I’m sure I’ll look back at this journal entry some day and laugh at my naivete, there’s so much one doesn’t realize they don’t understand about country living until they come face to face with the details. For instance, bulls and fences. Most of the Ozarks have their cows behind four or five levels of barbed wire. This seems to work well… or at least well enough. But those five strands start to look rather delicate and fragile when you’re a few feet away from a very large bull who’s pawing the ground and lowering its head. We’ve worked a little with cows, helped friends out here and there, and butchered a cow, but that is about the extent of our bovine knowledge. We were out walking when we must have startled a herd. The she-cows all went charging out of the woods in hysterics and the bull came towards us like we were the Death Star and he was Luke Skywalker in an X-wing. We kept walking calmly and talking…doing that whole thing you do with children where you give them space, but don’t take the side eye off them. And that was it…he snorted and stomped and lowered his head, followed us for a ways and then walked off. He left assured of his manly protectiveness, and Jim and I spent the next thirty minutes discussing how we would have handled that if he really had charged the fence.
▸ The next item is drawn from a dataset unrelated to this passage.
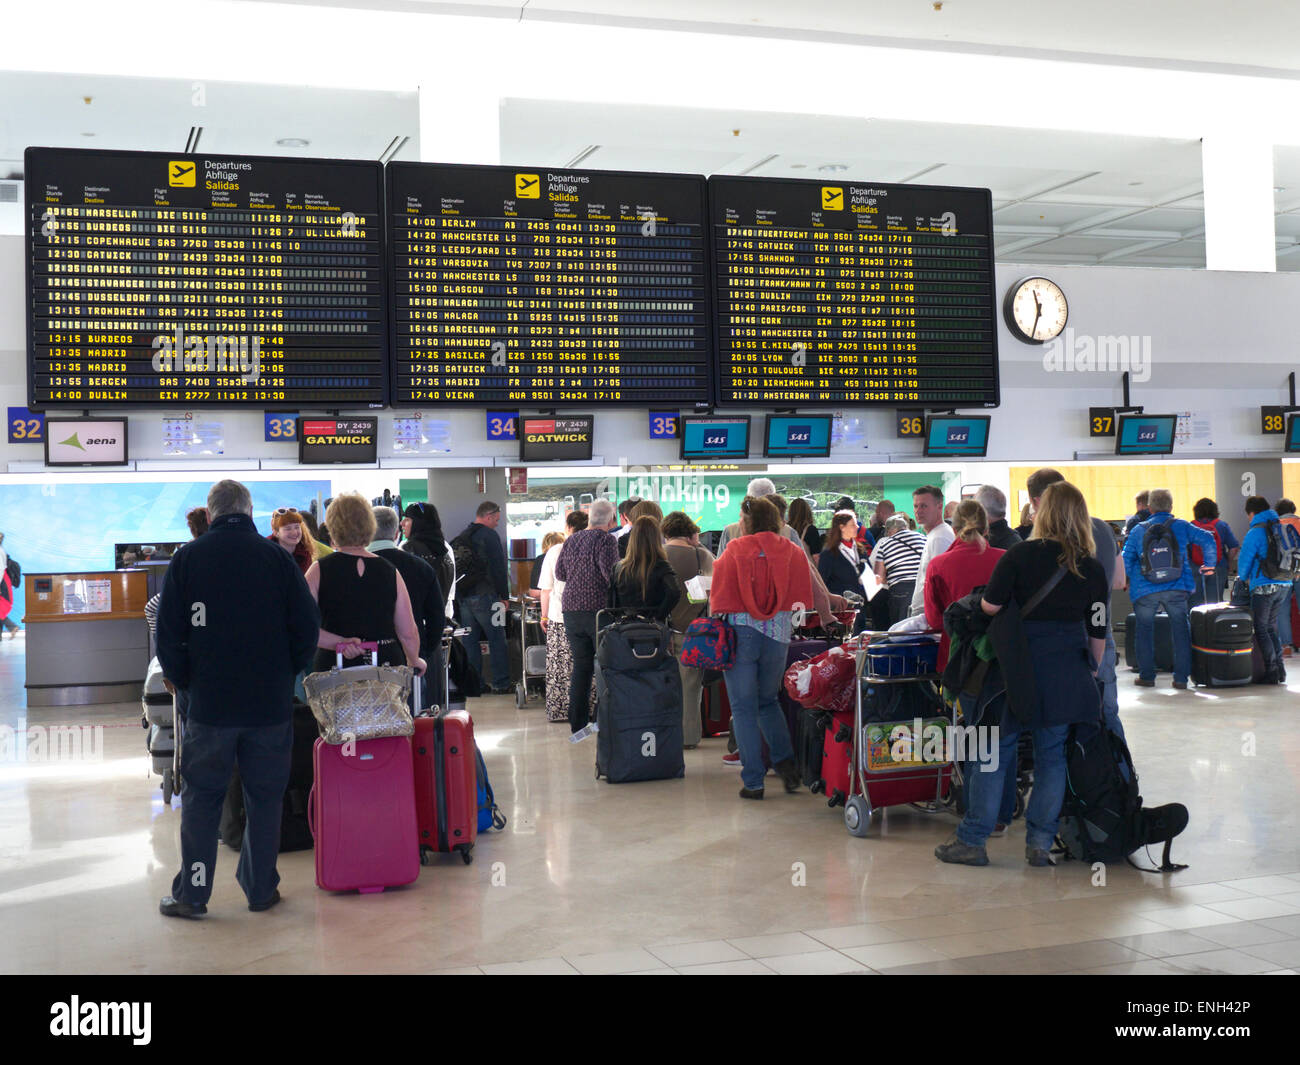 Aéroports Espagne les écrans d'information et les files d'attente des passagers et des bagages des compagnies aériennes attendent sur le hall de l'aéroport pour s'enregistrer sur leur vol Banque D'Images

There were no trees, with fences and pasture stretched out on both sides of the road and in every direction. Jim thinks I should have shimmied under the barbed wire fence on the other side and found a tree to climb while he did his best impression of a rodeo clown. I think we should have climbed the closest gate because at least that is stronger than 5-wire. Both of us agreed we wouldn’t have run in a straight line.
I had “Active Shooter Training “ and “Trauma First Aid” today and I couldn’t help but think fate may have gotten the two incidences mixed up. Surely it would have been better to do the trauma medical training first and then had the meeting with the mad bull, but no. Honestly though, a lot of the active shooter advice seems like it would work on a bull too. I kind of enjoyed the whole class. Statistics and data and clarity are so much more helpful to my brain. Also, I’m kind of thinking everyone who lives on a farm should probably take a trauma first aid class.
I’ve already got tourniquets and clotting powder in my Amazon cart, and I (allegedly) know how to pack a mean wound now. Lord have mercy, may I never need to use the knowledge for anything.